Task requirements —
The line with "Device42 and Freshservice: Make", the line with "Steps 1-7 to", and all lines between them in the material below: return these exactly, and no others.

Records shown —
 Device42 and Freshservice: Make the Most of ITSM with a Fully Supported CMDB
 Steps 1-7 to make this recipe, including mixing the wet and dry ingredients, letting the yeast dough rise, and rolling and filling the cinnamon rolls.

---

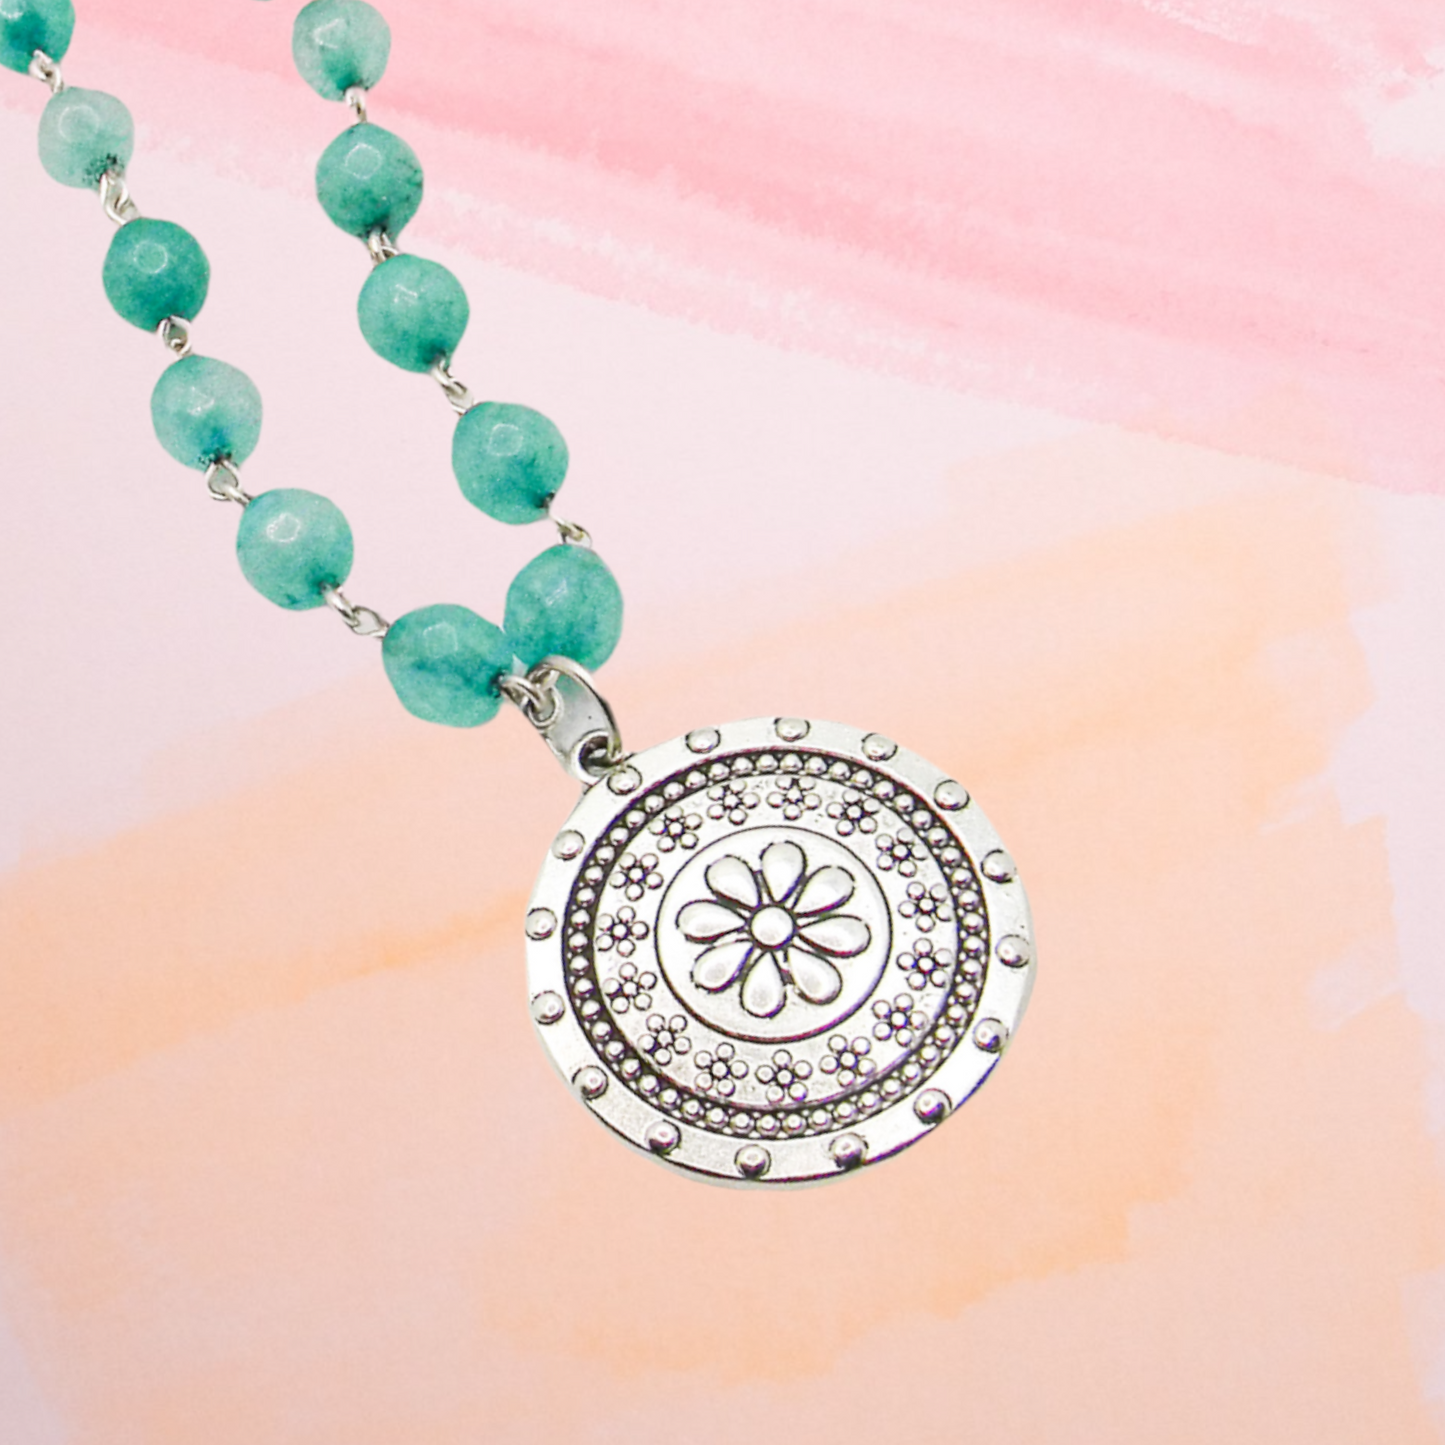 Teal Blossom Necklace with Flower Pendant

--

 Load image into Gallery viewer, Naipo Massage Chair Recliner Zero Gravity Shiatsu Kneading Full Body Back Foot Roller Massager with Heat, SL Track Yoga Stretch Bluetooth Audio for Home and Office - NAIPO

Solution for this exercise —
 Device42 and Freshservice: Make the Most of ITSM with a Fully Supported CMDB
 Steps 1-7 to make this recipe, including mixing the wet and dry ingredients, letting the yeast dough rise, and rolling and filling the cinnamon rolls.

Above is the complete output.